Idempotent resume. Re-running the same --run-id picks up at the last persisted batch index; seed-selection.mts's deterministic cache is what makes this safe.
Pure TypeScript via bun (per feedback_scripts_ts_bun_only.md). Unit tests under tests/*.test.ts; integration smoke under tests/integration.test.ts.
Cost-meter is the source of truth for spend. Guard polls it every 30s and SIGTERMs workers on max-tokens / max-wallclock breach (calibrated from rung-0 observation, not user-set upfront).

When NOT to use

Two-way sync into Airtable — read-only, Phase 1.
Cron-scheduled live re-import — one-shot per invocation in Phase 1.
Bases mid-schema-rewrite — re-anchor will reject; settle the schema first.
Datasets so small a manual copy is faster — heuristic: <50 records across <3 tables, just copy by hand.

Outcome log

Follow {vault}/skill-spec.md § 11. After each run.mts invocation completes (success or escalation), the CLI main() in scripts/run.mts calls appendOutcomeLog (scripts/outcome-log.mts) to append one line to {vault}/daily/skill-outcomes/airtable-knowledge-extract.log:

{date} | airtable-knowledge-extract | extract | ~/work/brain-os-plugin | <metrics-or-cache-path> | commit:none | {pass|partial|fail} | run_id=… base_id=… batches_done=… total_batches=… pass_rate=…

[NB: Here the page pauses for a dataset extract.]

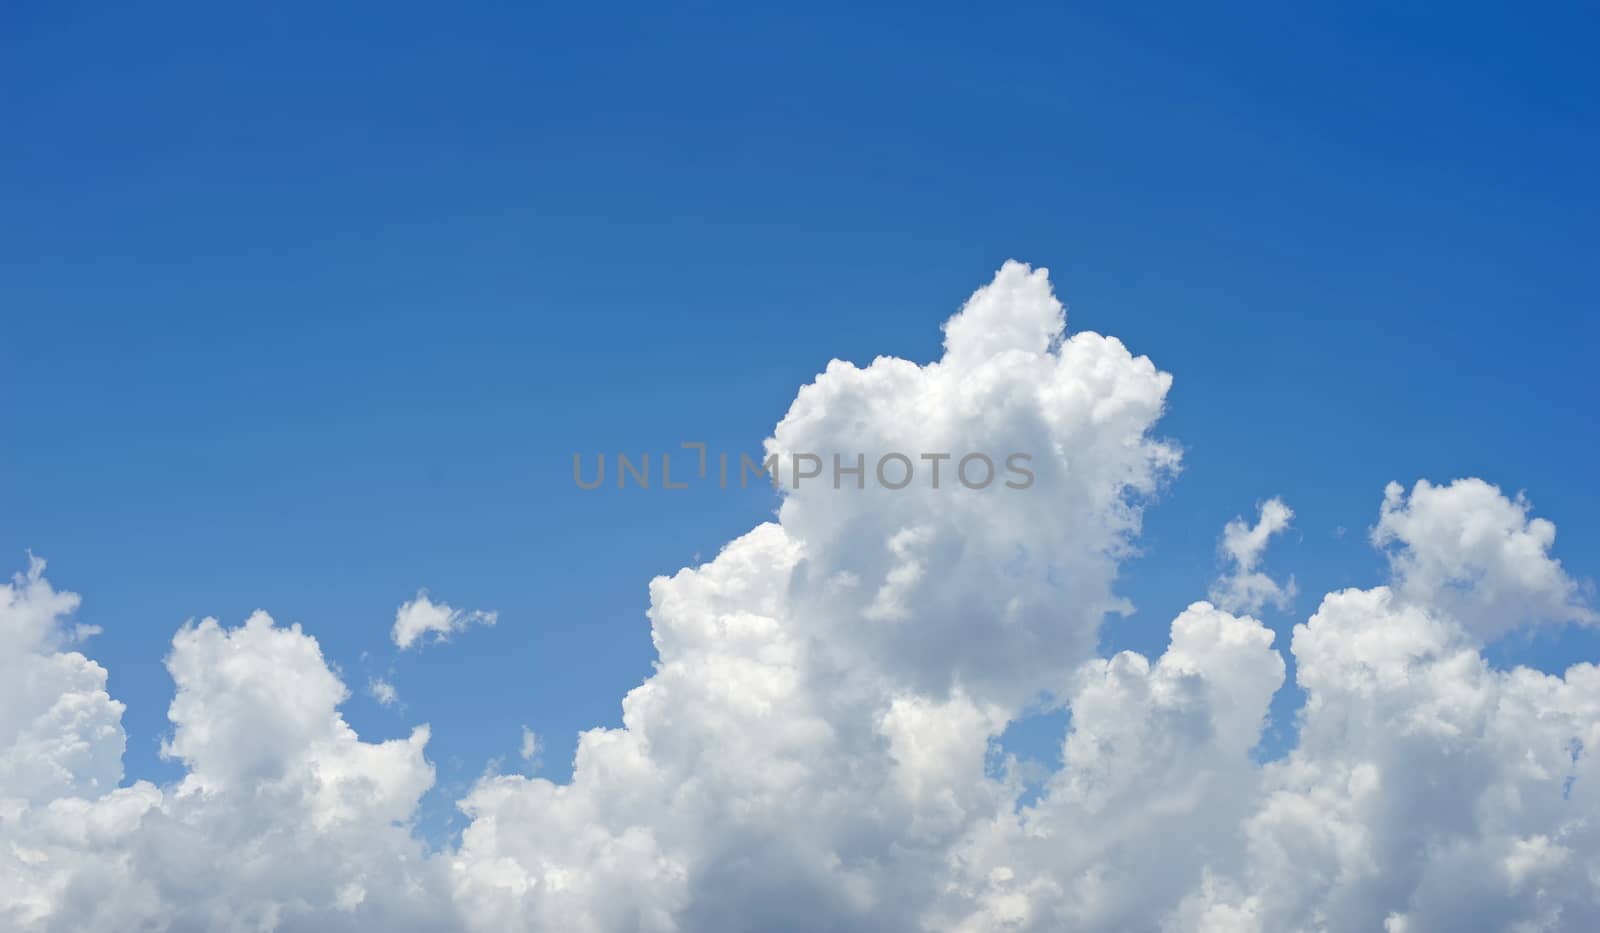 cloud on blue sky by leisuretime70
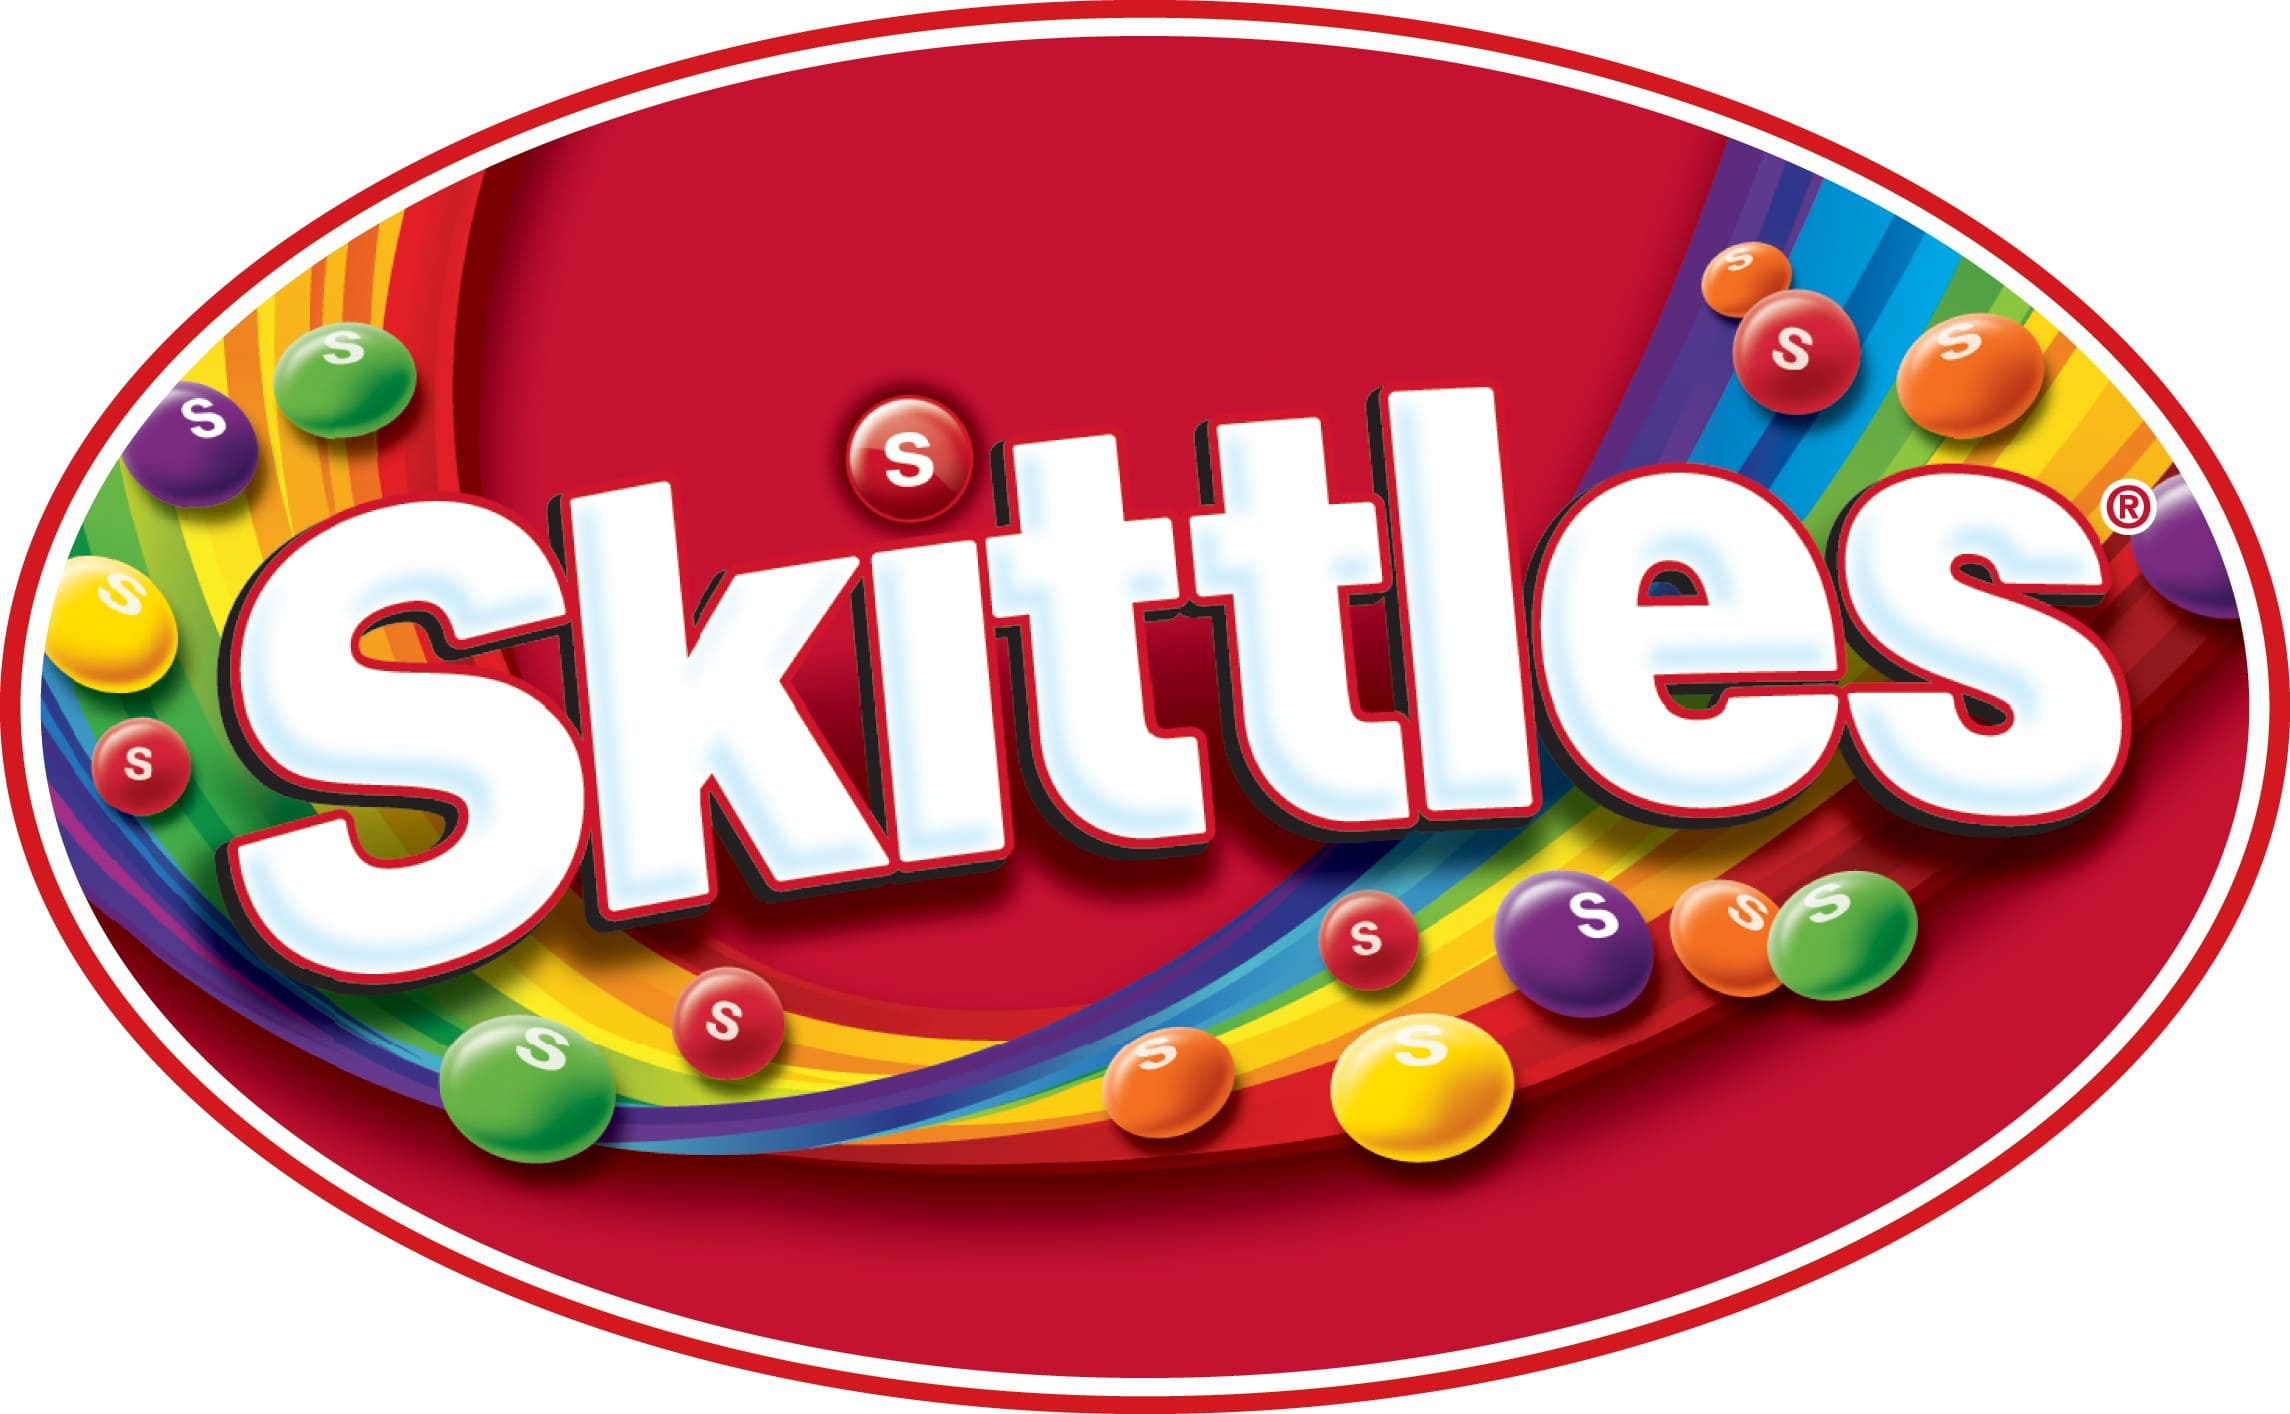 Skittles singapore

pass — kind=paused (base completed) or kind=no-bases (queue drained).
fail — kind=escalated-re-anchor or kind=escalated-batch (escalation reason in escalation= optional field).
commit:none — extracted pages stage in cache, not in a tracked repo, so there is no anchor commit hash for diff detection.

If result != pass, auto-invoke /brain-os:improve airtable-knowledge-extract. The eval gate inside /improve reverts any change that drops pass-rate, so auto-apply is safe.